Sony will now produce the review programme as a twice-weekly podcast called Kermode & Mayo’s Take. (Pictured: Mayo, left, and Kermode)
He said their ‘very strict rules’ meant he could only put on the podcast ‘what was broadcast on the radio, plus 10 per cent’.
He added that the BBC did not want to brand it a podcast at first because they feared it would be ‘advertising for Apple’ – which has a ‘podcasts’ app.
He said the BBC thought they could ‘decide what things were called’, but that ‘language doesn’t work like that.’
Mayo’s comments come after the BBC has lost some of its biggest stars in a flurry of departures this year.
Last month, the corporation dismissed the ‘brain drain’ of top talent ditching the broadcaster as ‘people come, people go’ after Dan Walker became the latest to join a rival firm.
Insiders said there was always a ‘natural point where people move on’ but there were mounting fears the Corporation will be left with a lack of experienced presenters.
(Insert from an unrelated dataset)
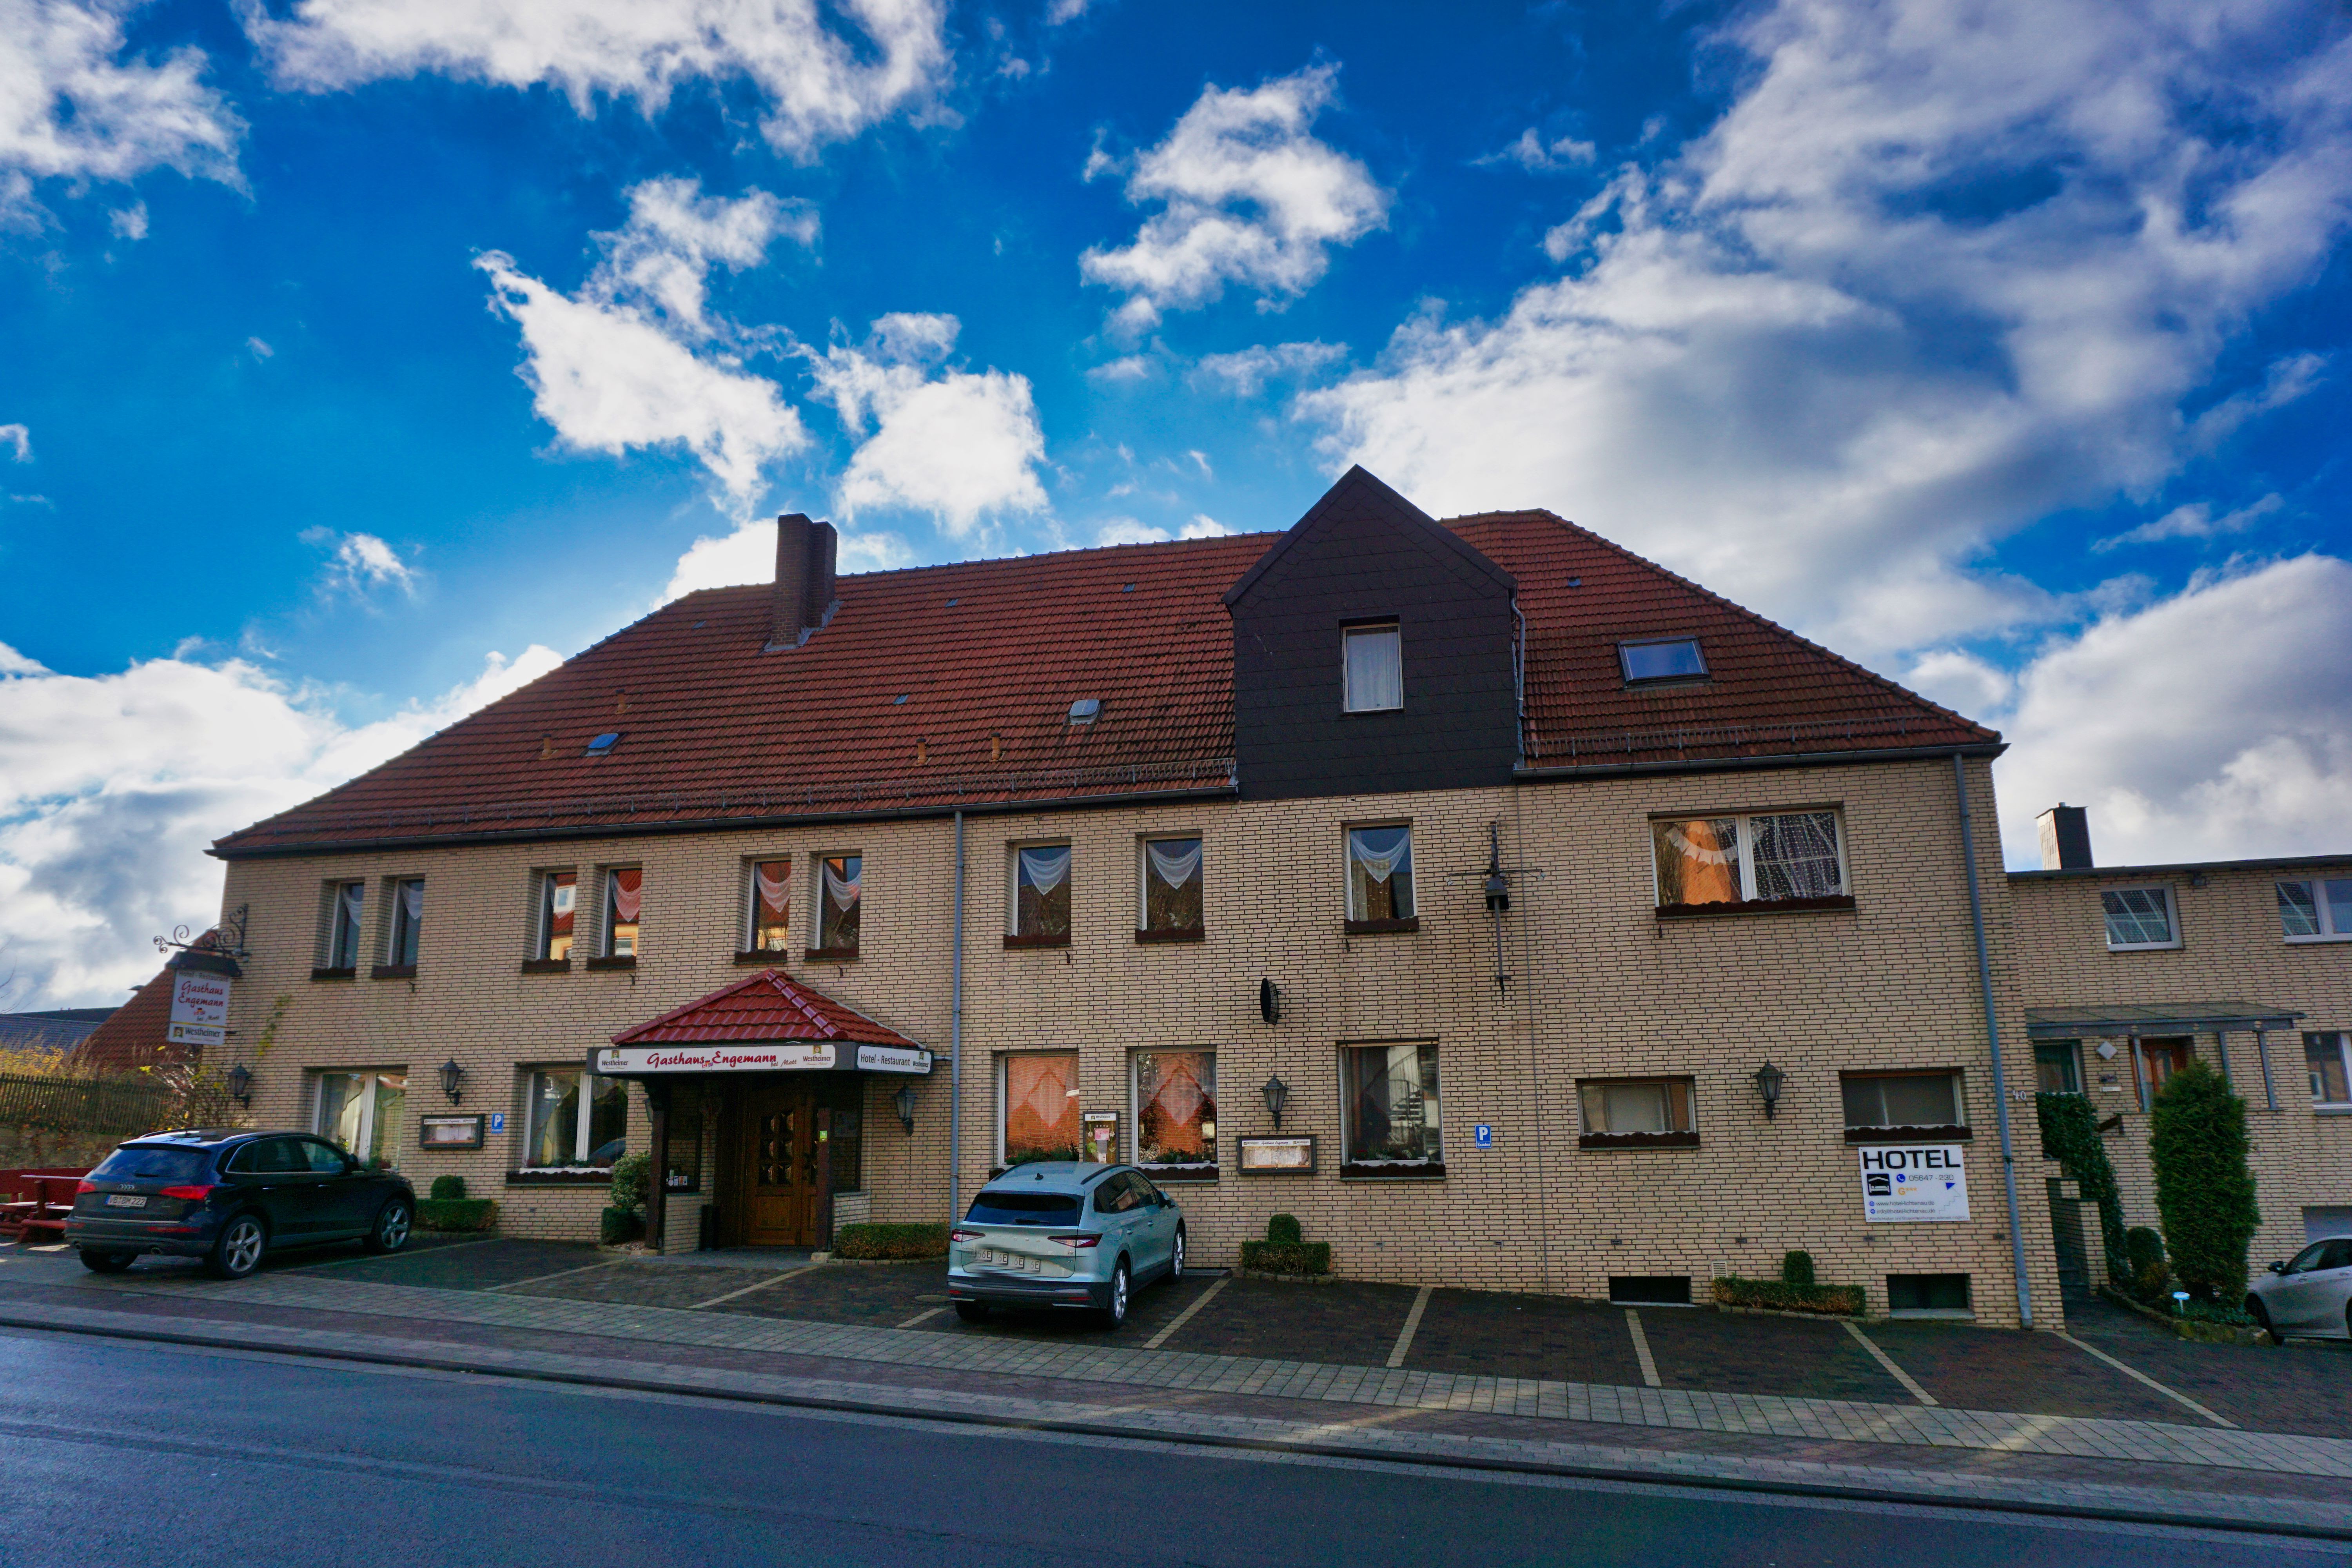 Gästehaus Hotel Engemann, Lichtenau.

Walker announced he was joining Channel 5 to be lead anchor on its revamped 5News team – as he announced today that he has just two weeks left with the corporation.
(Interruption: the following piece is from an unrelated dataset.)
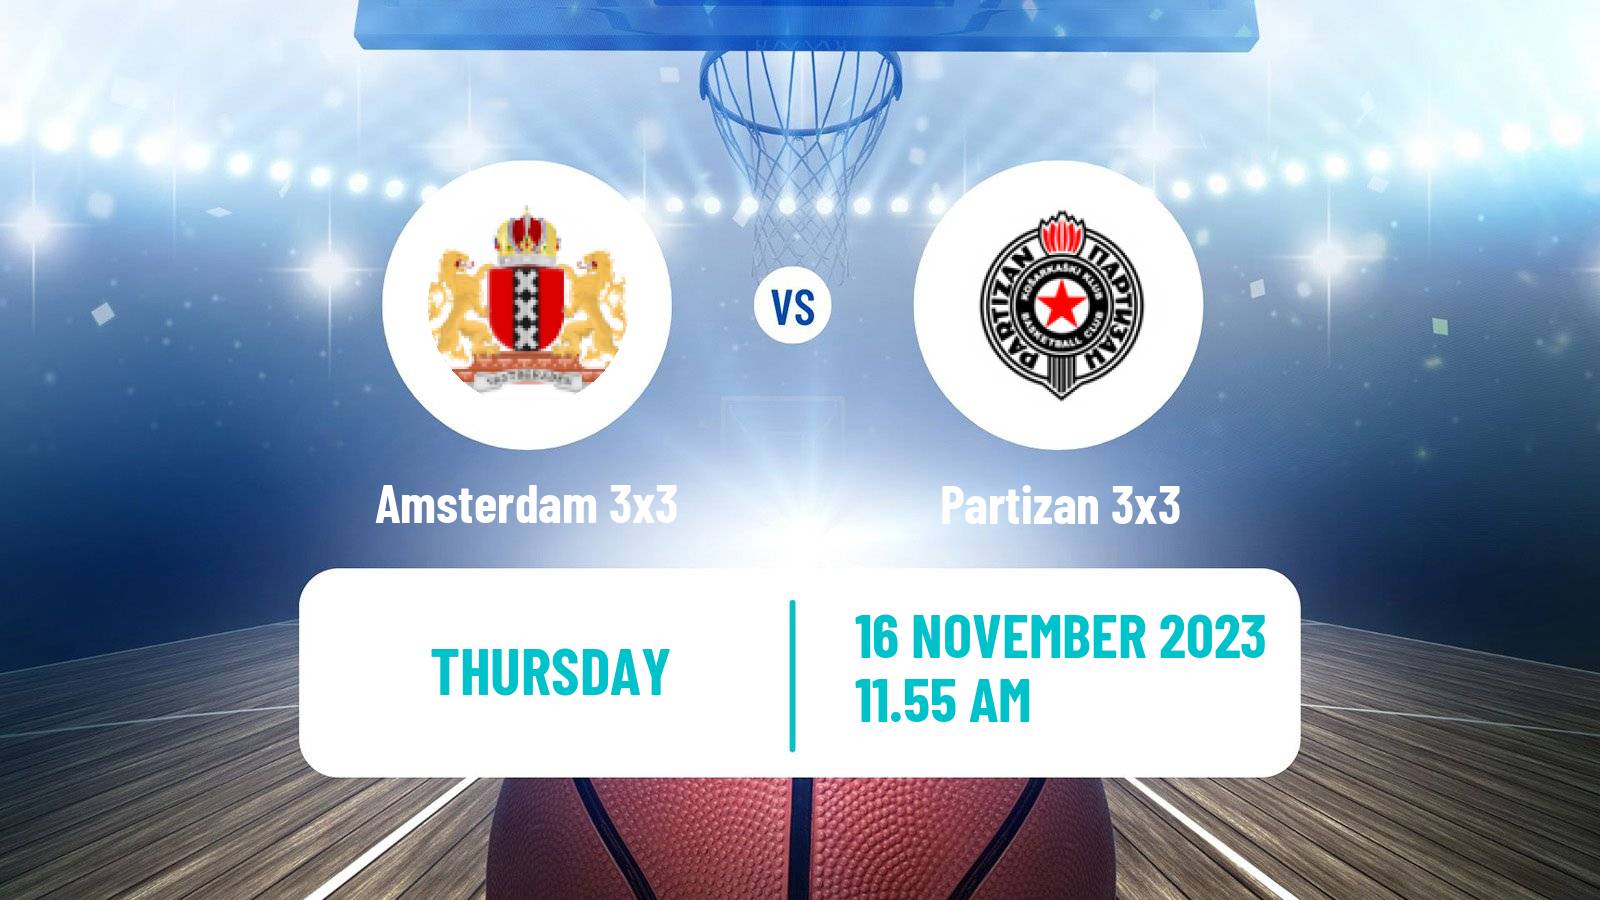 Basketball World Tour Manama 3x3 Amsterdam 3x3 - Partizan 3x3

He will walk away from his £295,000-295,999 a year role at the Beeb, with industry experts suggesting he will make around £350,000 in his new job.
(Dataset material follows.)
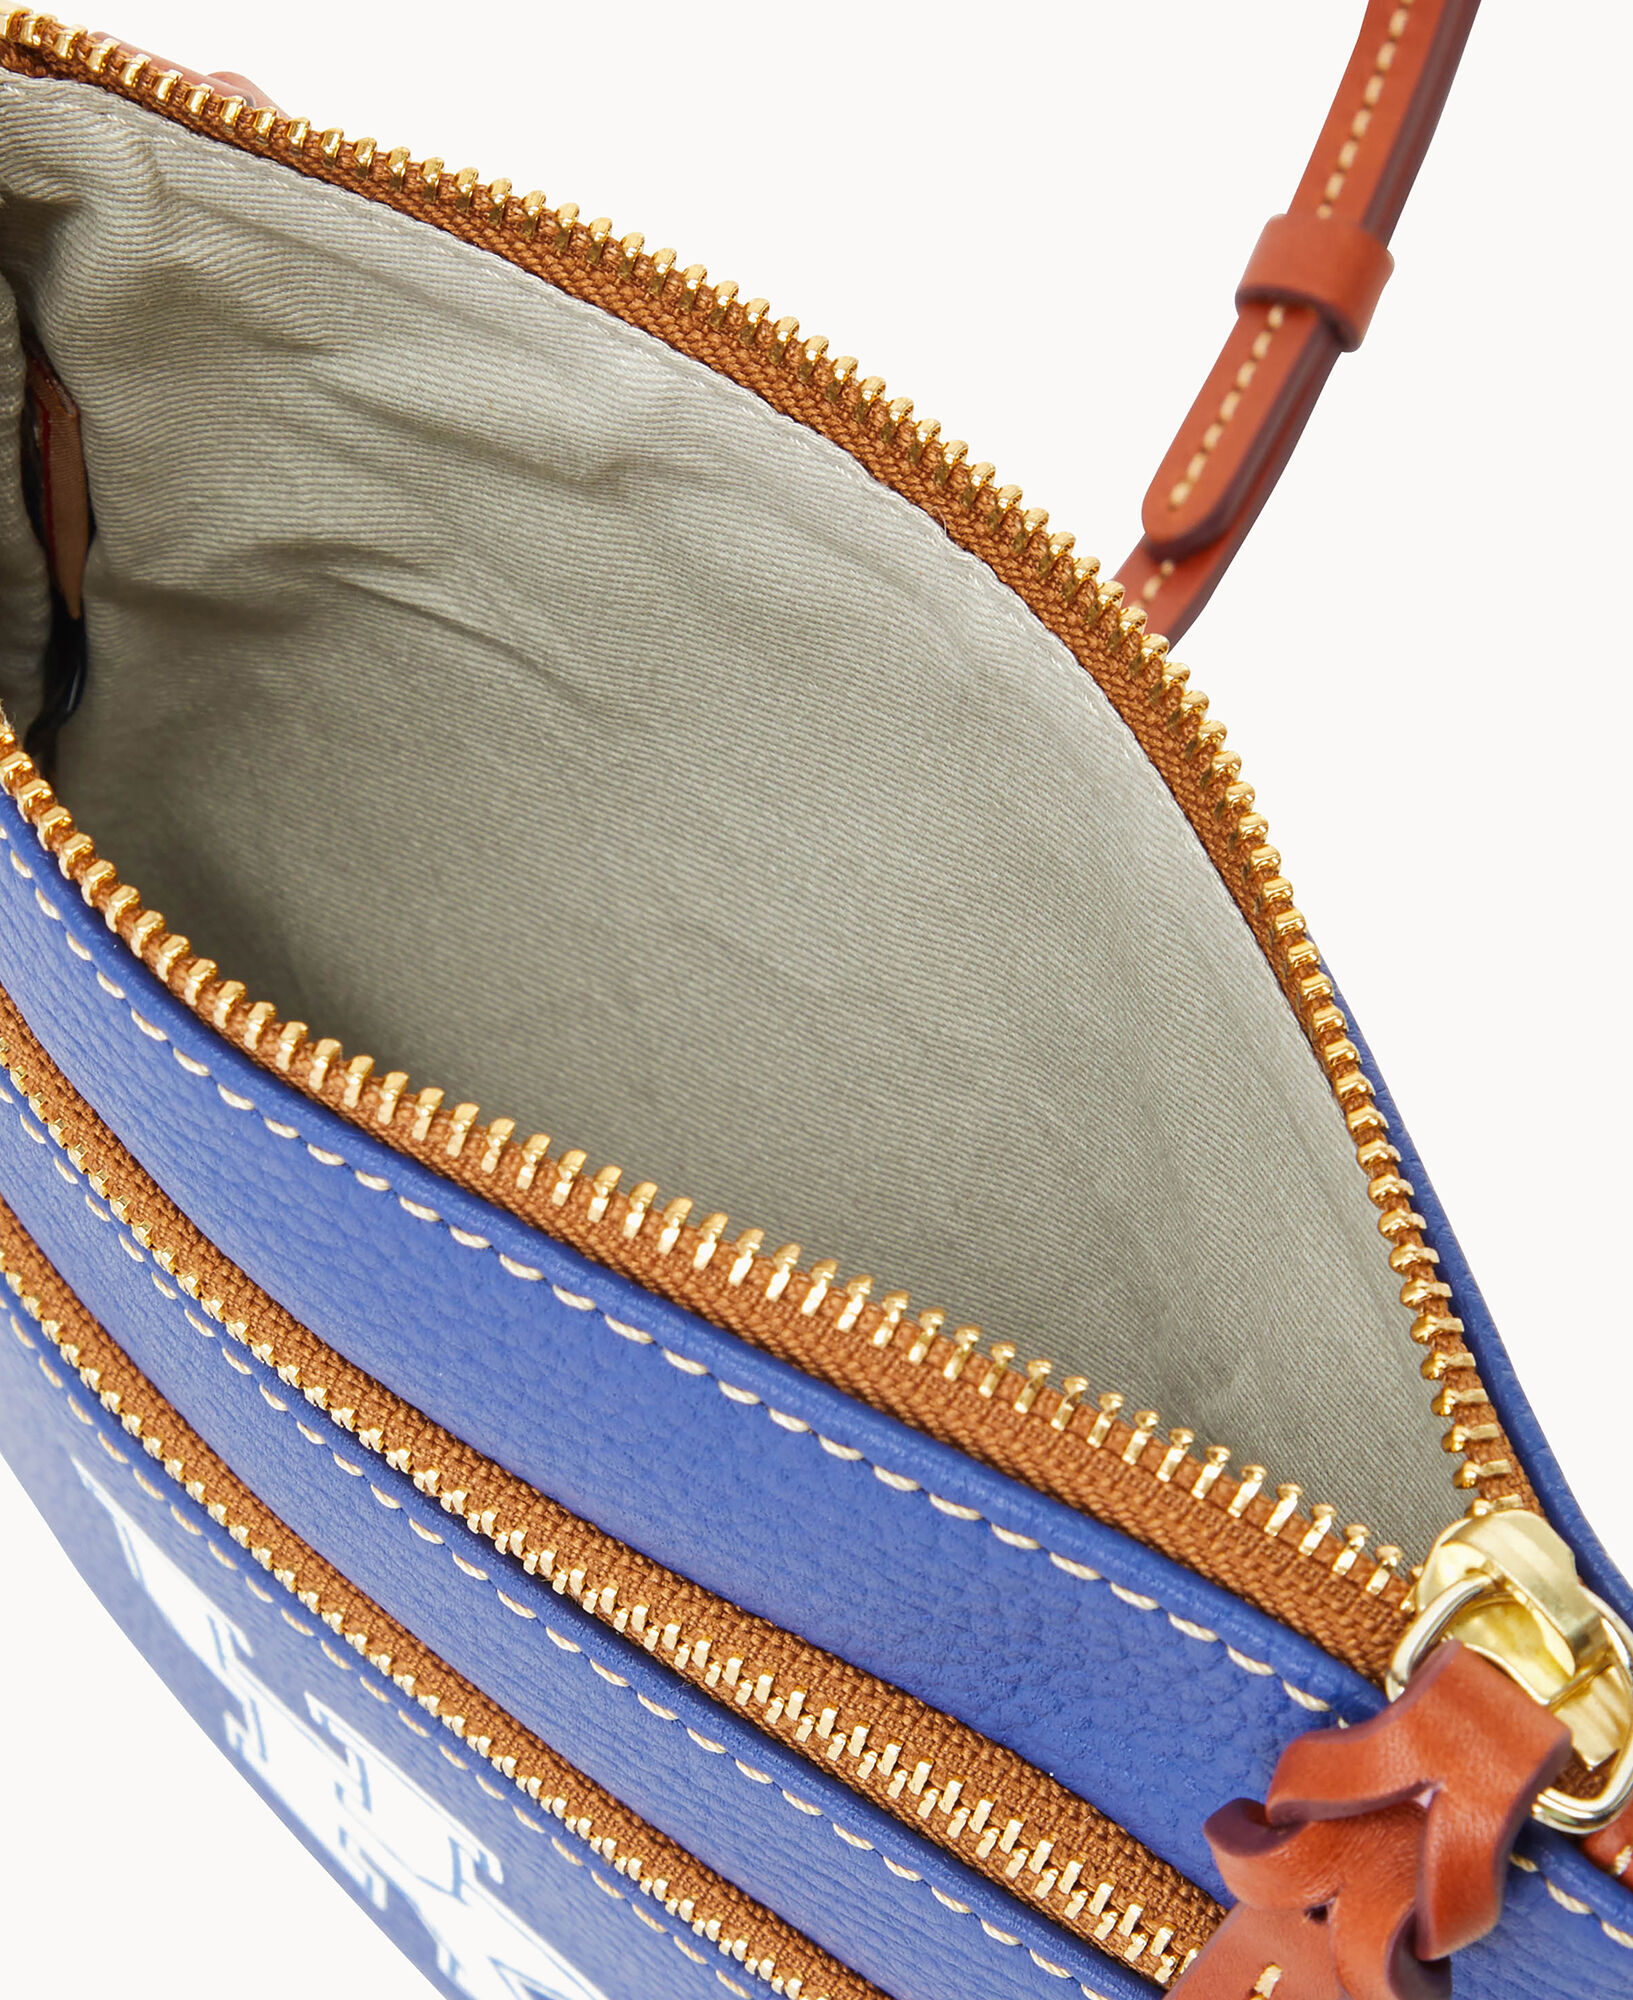 Dooney & Bourke Collegiate Clemson Triple Zip Crossbody Shoulder Bag

The Breakfast presenter followed a string of huge names – including Jon Sopel, Emily Maitlis and Andrew Marr – which sparked fears of an escalating exodus of talent.
His former Breakfast co-star Louise Minchin also left last year as she looked to spend more quality time with her family.
Walker (pictured outside the BBC in Salford last month) announced he was joining Channel 5 to be lead anchor on its revamped 5News team
Maitlis, Sopel and Marr jumped ship for LBC in a golden handcuffs deal expected to earn them huge pay rises.
The journalists caused disarray at Broadcasting House after deciding to join Global, which is also home to Nick Ferrari, Shelagh Fogarty and James O’Brien.
Maitlis, who hosted Newsnight, had a series of impartiality complaints against her because of her tweets and on-air comments about the pandemic.
Marr is said to have admitted he was prompted to leave the BBC because of his desire to speak freely on major issues, including climate change and politics.
Leading presenters Andrew Neil and Simon McCoy have also left the BBC in the past year.
The deal, for a new show and podcast, is likely to lead to a salary uplift for Sopel and Maitlis, who earn at least £235,000 and £325,000 respectively at the BBC.
An LBC insider told MailOnline Maitlis will now be on ‘at least’ £400,000-a-year, with Mr Sopel likely to be through the £300,000-a-year barrier.
But they warned it ‘could be more’ because of the number of projects they will work on together.
Leaving the BBC will also allow them to pursue more cash from speaking events and private functions worth another £50,000 annually.
Another insider said: ‘I think it’s the potent appeal of money and freedom to be more expressive in their personal views than the BBC allows’.
The deal will see them front a major new podcast for Global Player, as well as hosting a show together on LBC and providing commentary and analysis for lbc.co.uk.